AG Izcue

The intestinal environment, with its complex microbial communities and exogenous food antigens, represents a challenge for the immune system. The immune response needs to integrate the signals coming from microbiota and the tissue to strike the right balance between an inflammatory response to potential pathogens and tolerance to food antigens and beneficial microbiota. We investigate how the immune response is regulated at a local level and what is the role of epithelial cells in shaping the immune response.


Epithelial cells and control of the intestinal immune response

Epithelial cells are at the frontline of the body’s defences against infections emanating from the intestine, and they send signals to instruct the immune system how to act. However, aberrant epithelial cells can misuse this system, for example during cancer, to prevent the immune system from eliminating tumors. We are researching the link between changes in epithelial cell behaviour and tolerance, focussing on some questions: How do pre-cancerous changes induce tolerance? Which immune cells are responsible for this tolerance? What is the role of these tolerance-inducing mechanisms in normal conditions of balance with the microbiota?


Further reading

Meinicke, H., A. Bremser, M. Brack, P. Akeus, C. Pearson, S. Bullers, K. Hoffmeyer, M.P. Stemmler, M. Quiding-Jarbrink, and A. Izcue, Tumour-associated changes in intestinal epithelial cells cause local accumulation of KLRG1+ GATA3+ regulatory T cells in mice. Immunology, 2017. 152(1): p. 74-88.

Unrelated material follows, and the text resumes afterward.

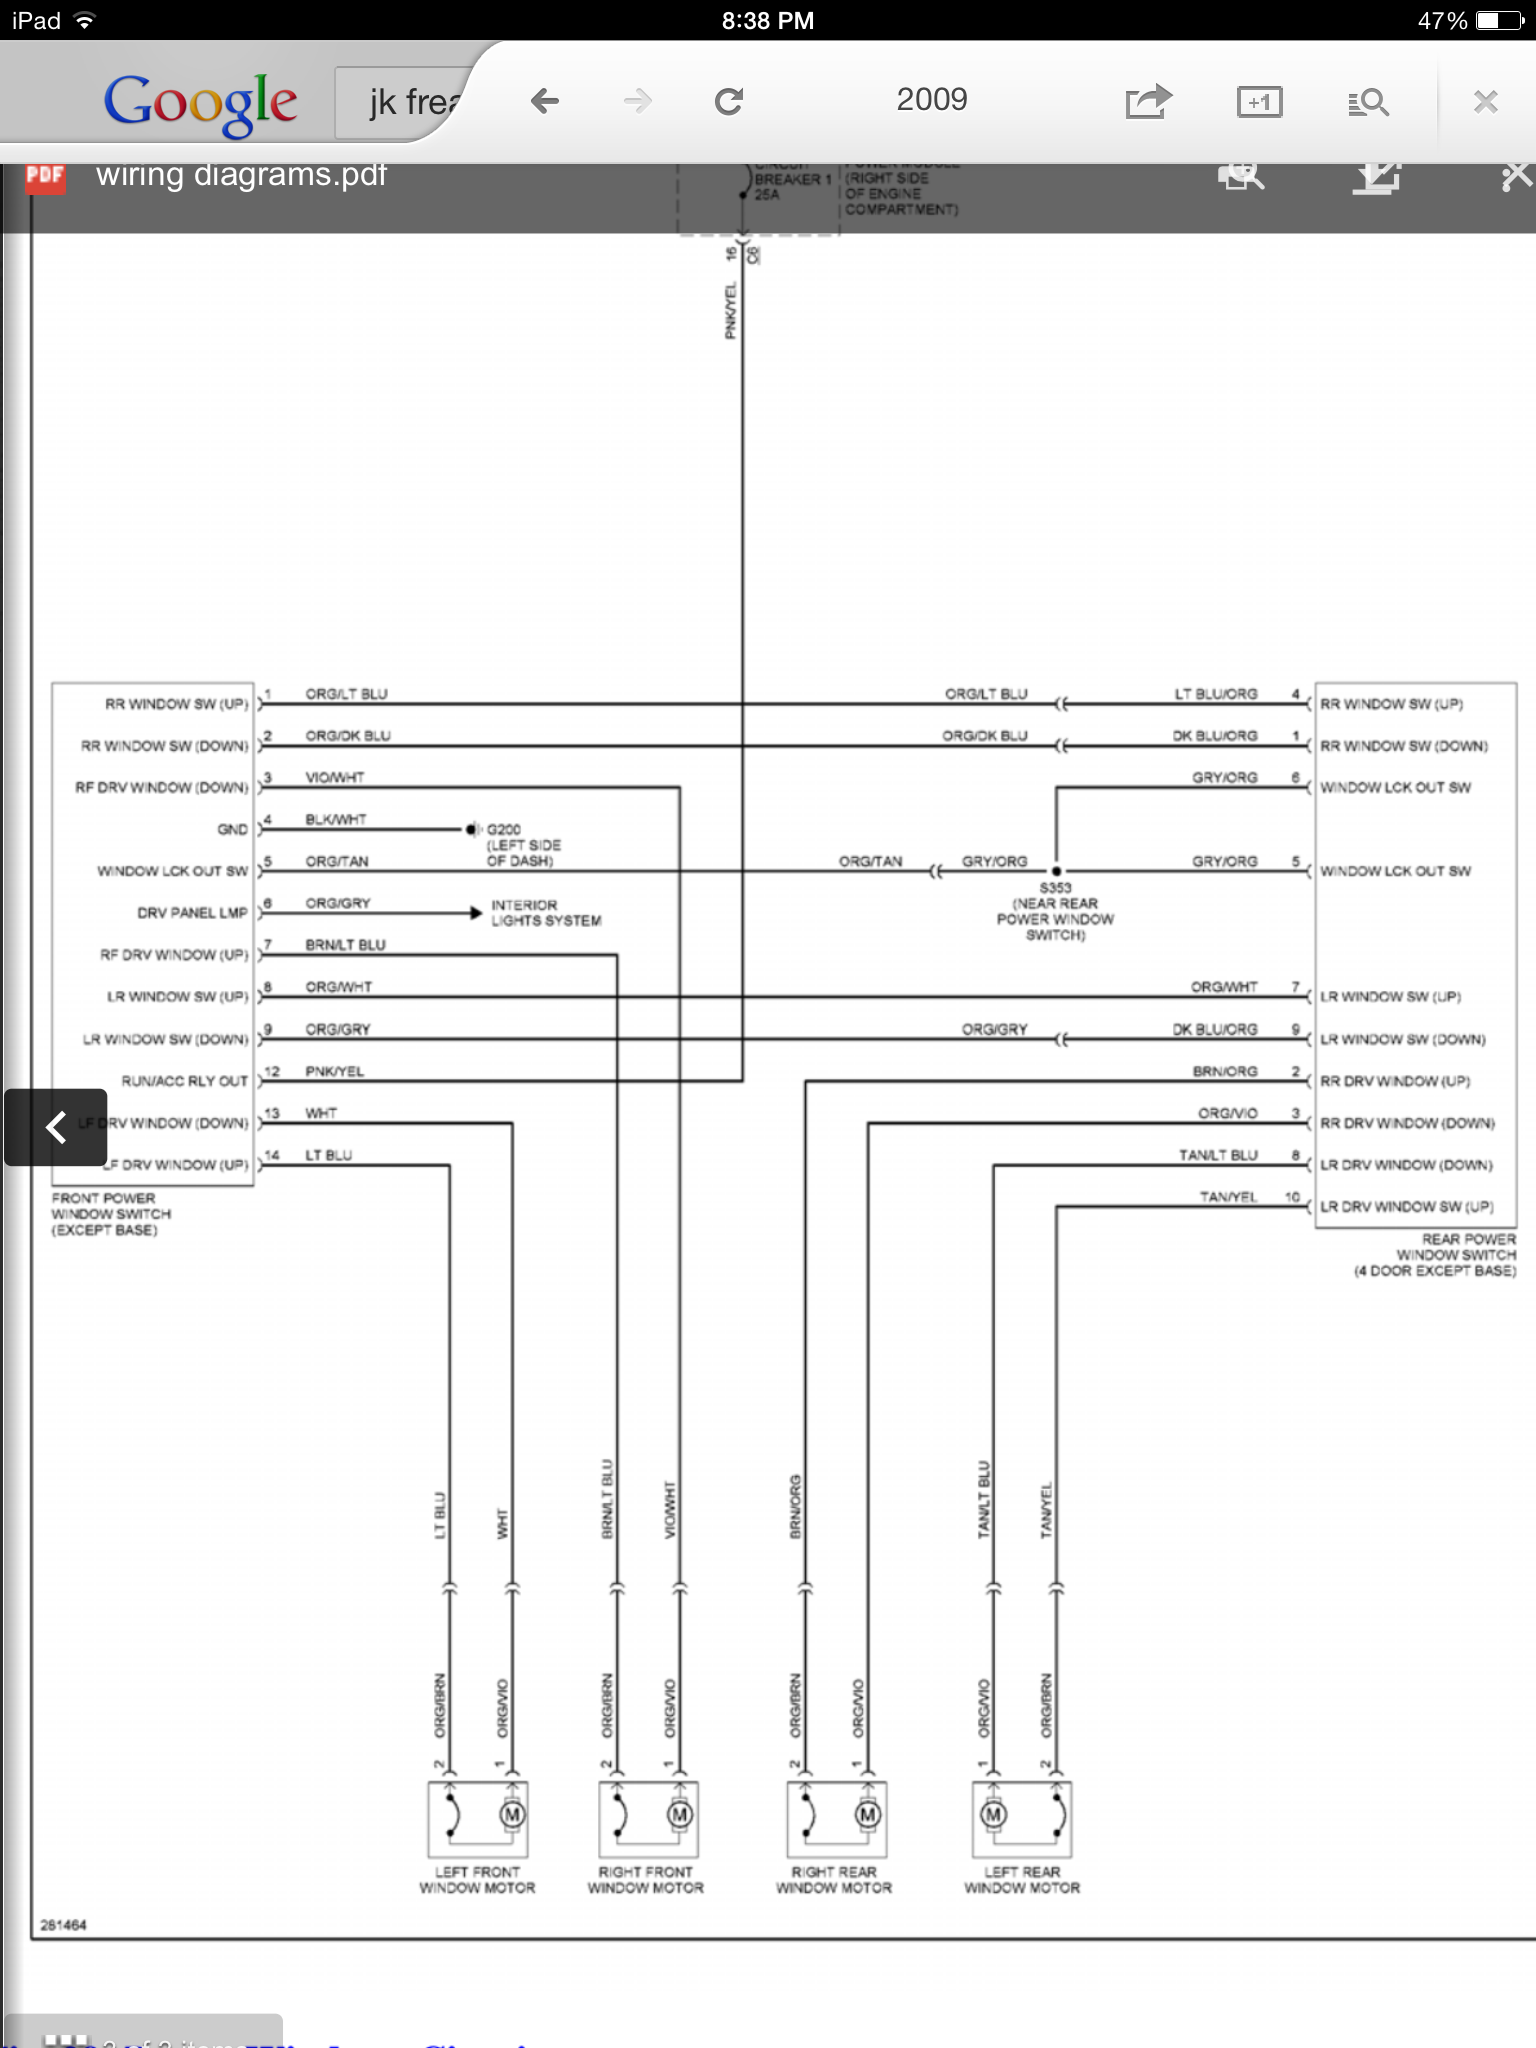 Wiring Diagram Of Rusi Motorcycle from www.jk-forum.com

Meinicke, H., A. Bremser, M. Brack, K. Schrenk, H. Pircher, and A. Izcue, KLRG1 impairs regulatory T-cell competitive fitness in the gut. Immunology, 2017. 152(1): p. 65-73.

Control of the anti-inflammatory properties of regulatory T cells

Regulatory T cells prevent immune reactions by other immune cells in an antigen-specific manner to prevent misdirected immune responses. How the immunosuppressive potential of regulatory T cells is itself controlled is less well understood. We are researching how regulatory T cells numbers and activity are controlled in the organs to achieve tolerance to self and to innocuous antigens. We focus on the control of Foxp3+ T cells, which are key to establish and maintain tolerance in the gut.


Further reading

Lupar, E., M. Brack, L. Garnier, S. Laffont, K.S. Rauch, K. Schachtrup, S.J. Arnold, J.C. Guery, and A. Izcue, Eomesodermin Expression in CD4+ T Cells Restricts Peripheral Foxp3 Induction. J Immunol, 2015. 195(10): p. 4742-52.

Barnes, M.J., T. Griseri, A.M. Johnson, W. Young, F. Powrie, and A. Izcue, CTLA-4 promotes Foxp3 induction and regulatory T cell accumulation in the intestinal lamina propria. Mucosal Immunol, 2013. 6(2): p. 324-34.